Stored records:
[Start of Attachment]

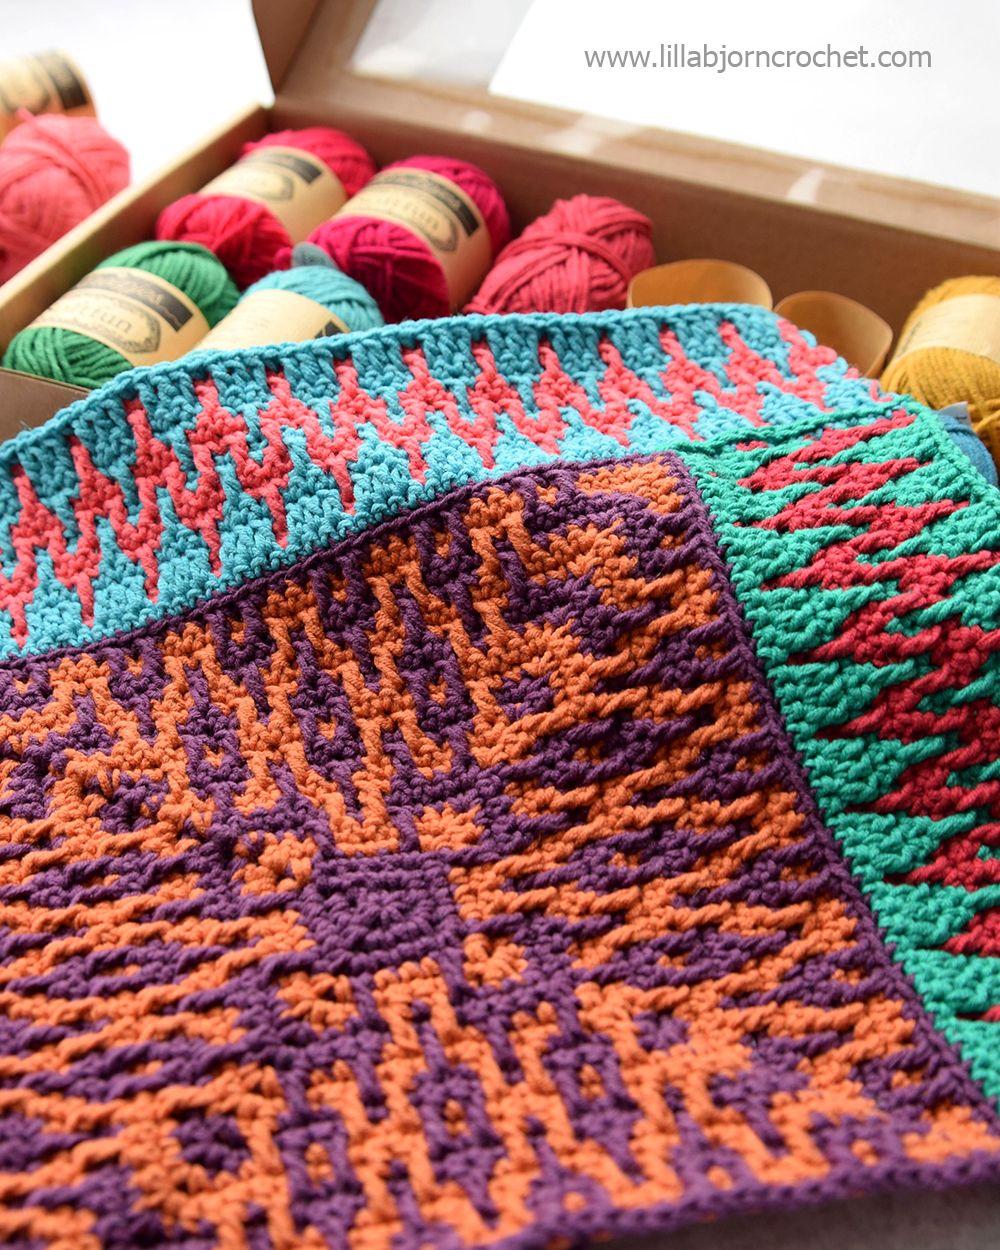 Mosaic crochet square
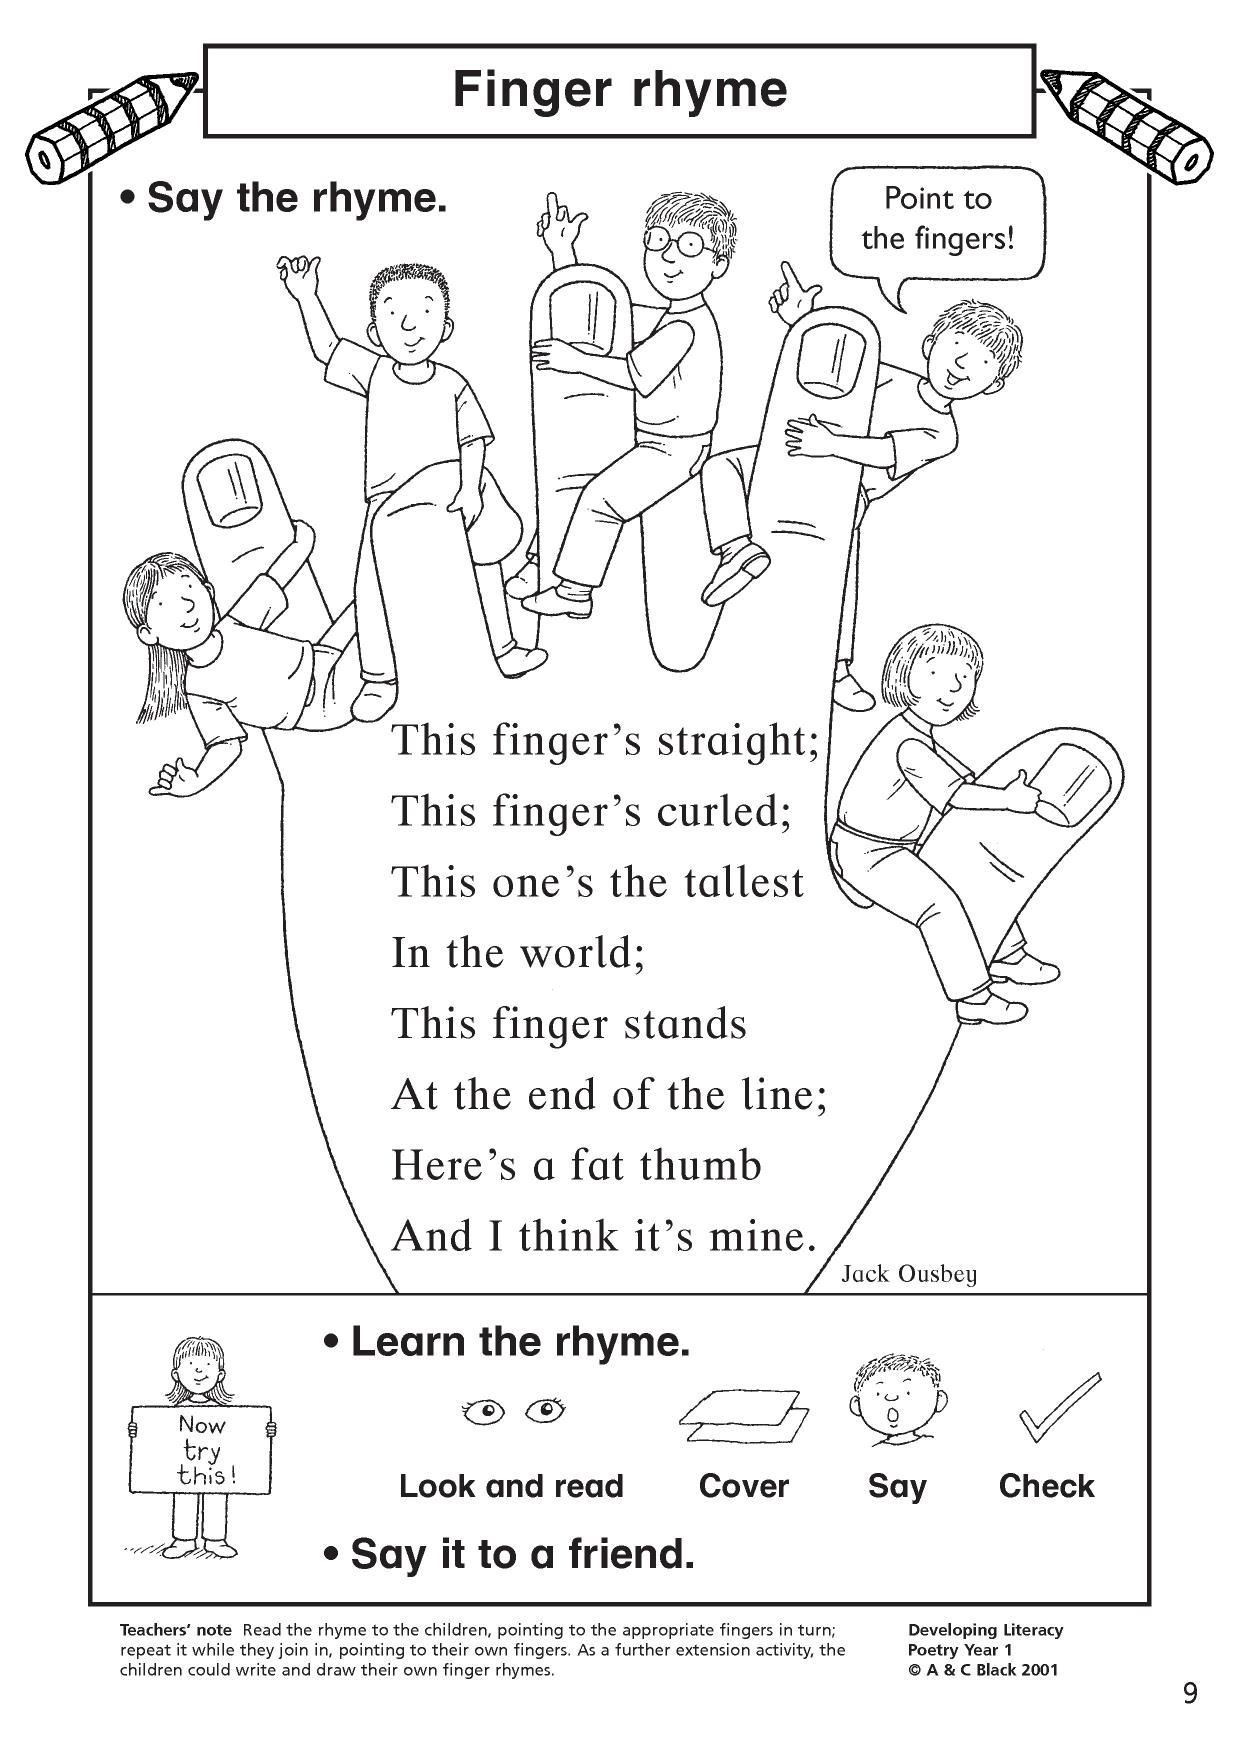 EYFS KS1 KS2 Poetry exploring rhythm and rhyming
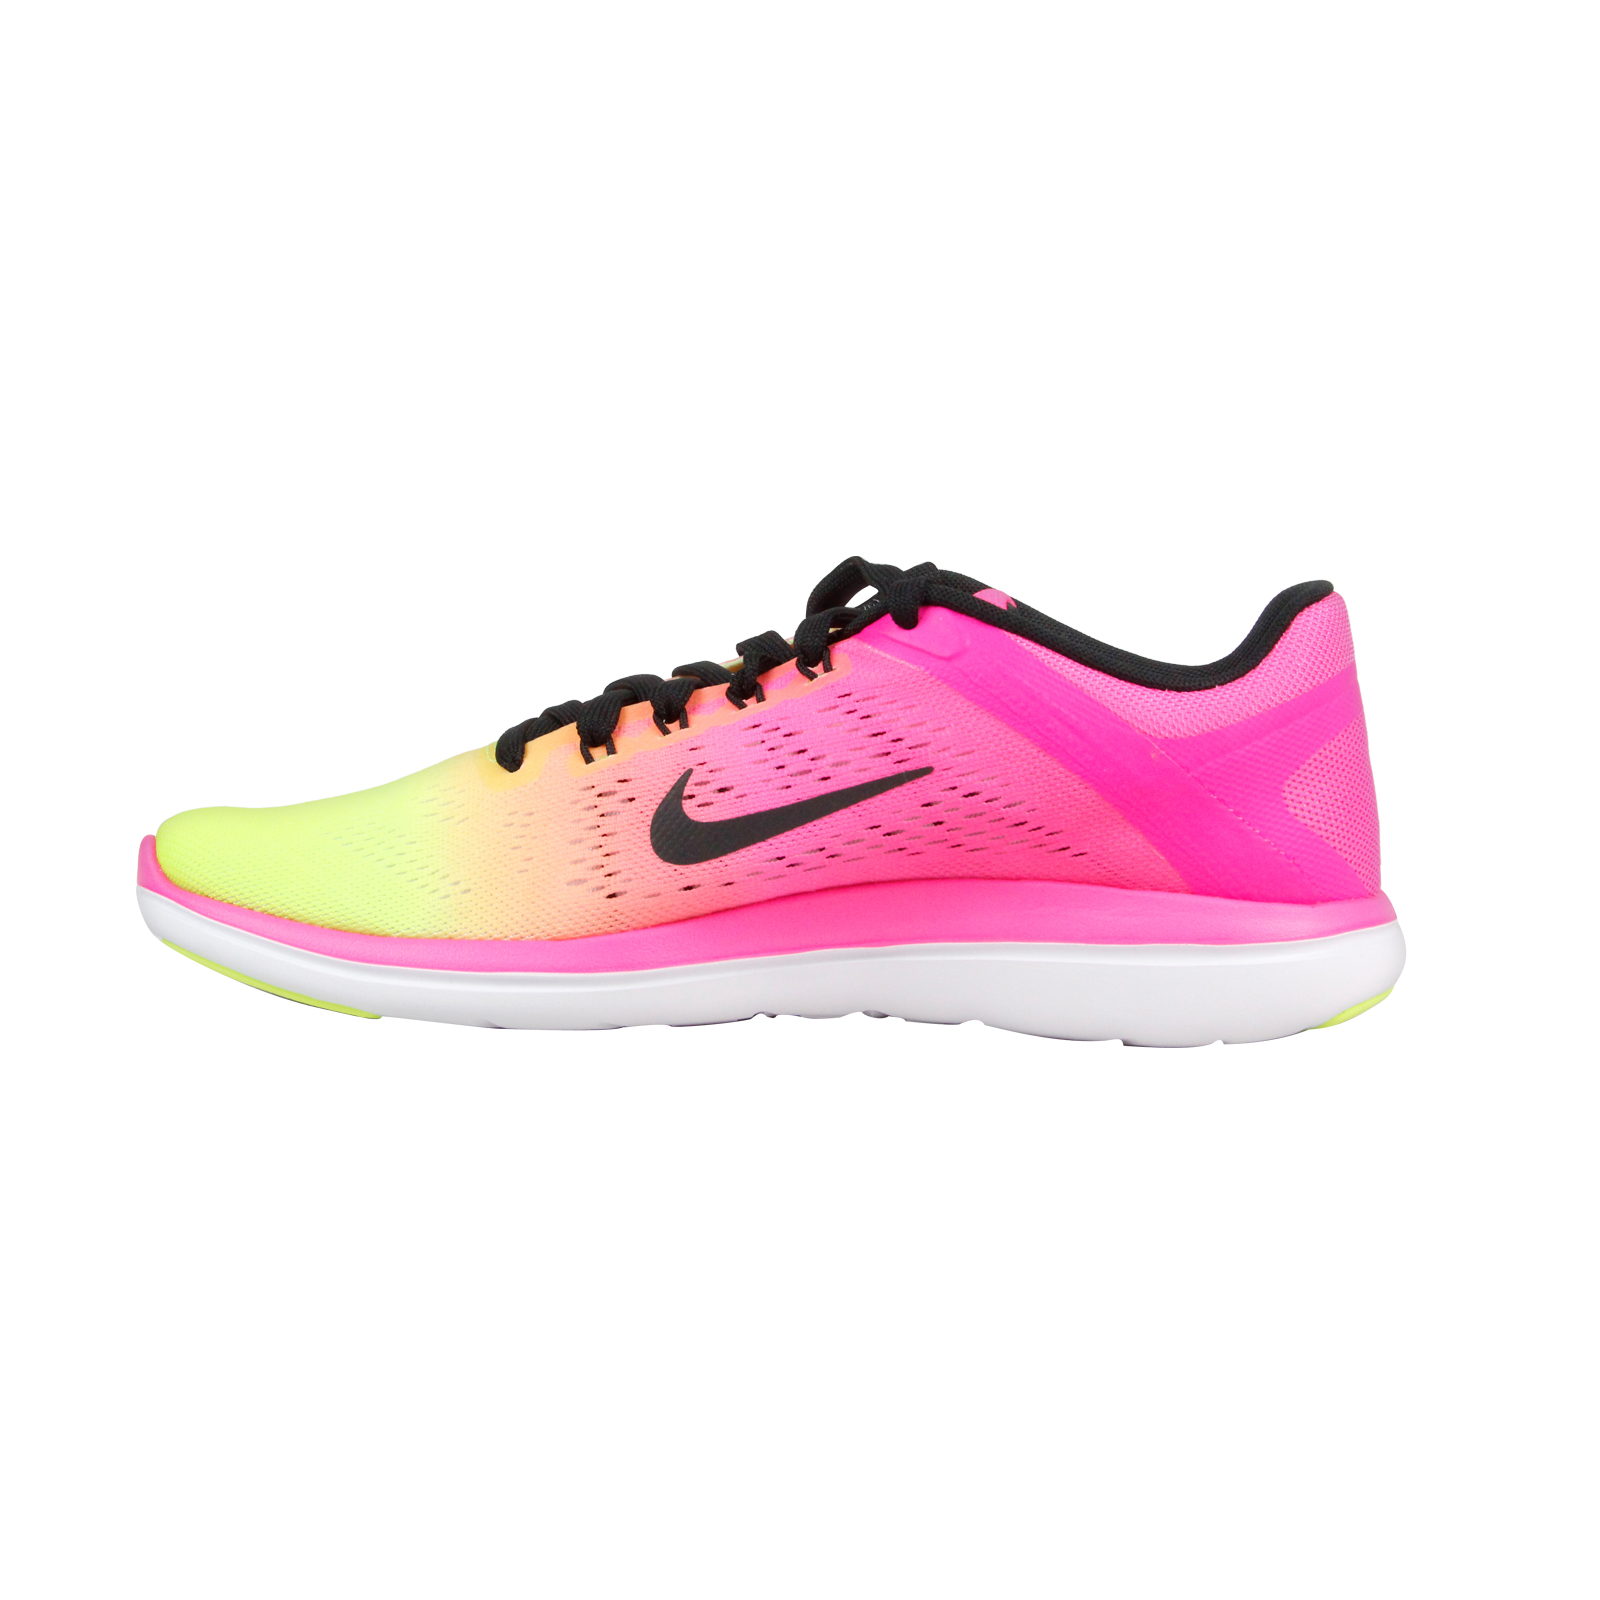 Nike Men's Flex 2016 Rn Oc Multi-Color/Multi-Color Ankle-High Mesh Cross Trainer Shoe - 9M
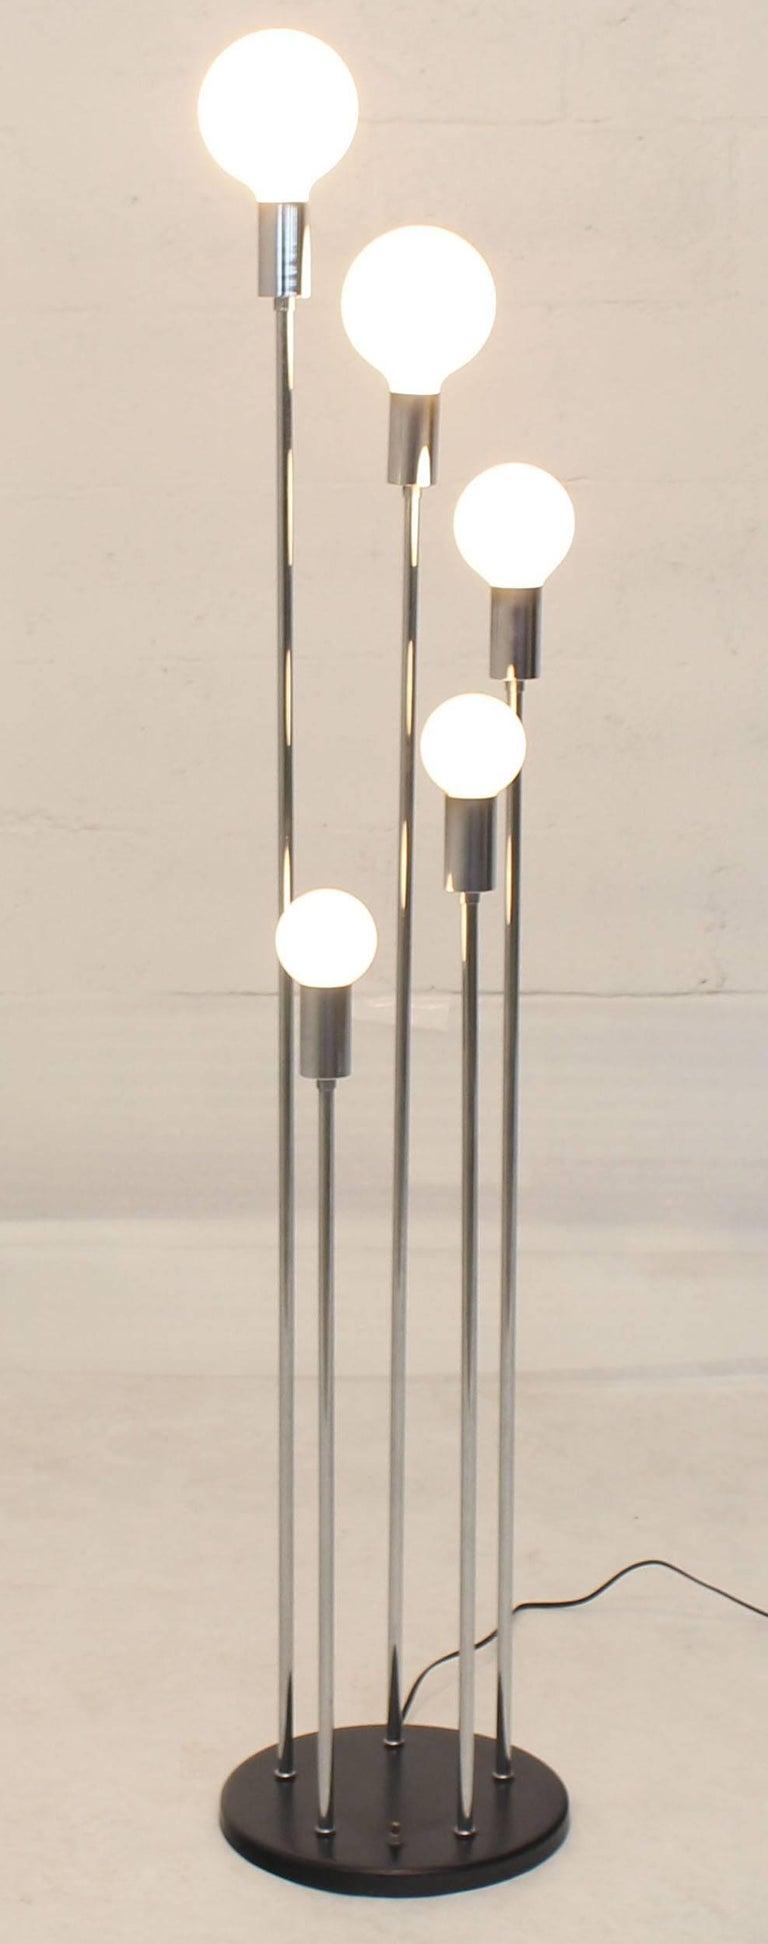 FLOOR LAMP Light 3 Way Chrome Lighting
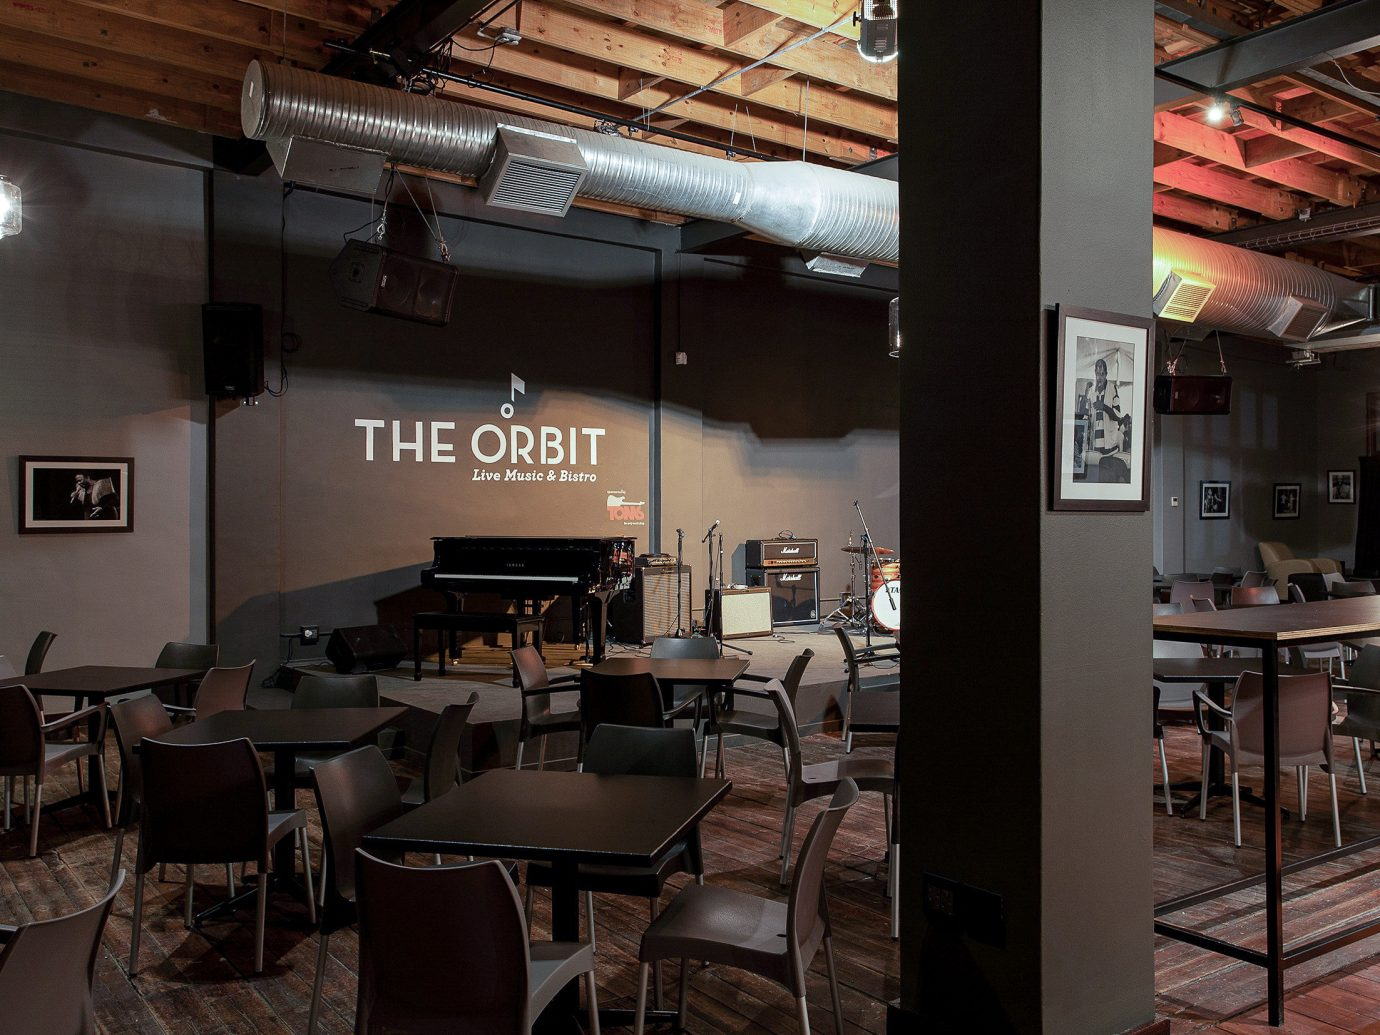 Arts + Culture Trip Ideas indoor chair floor room restaurant interior design ceiling café coffeehouse table area furniture several

[End of Attachment]

> Required work
Please reproduce, word for word, only the lines from the line that holds "FLOOR LAMP Light 3 Way Chrome Lighting" through the final line of the entries above, omitting any pictures.

> Result for this task
 FLOOR LAMP Light 3 Way Chrome Lighting
 Arts + Culture Trip Ideas indoor chair floor room restaurant interior design ceiling café coffeehouse table area furniture several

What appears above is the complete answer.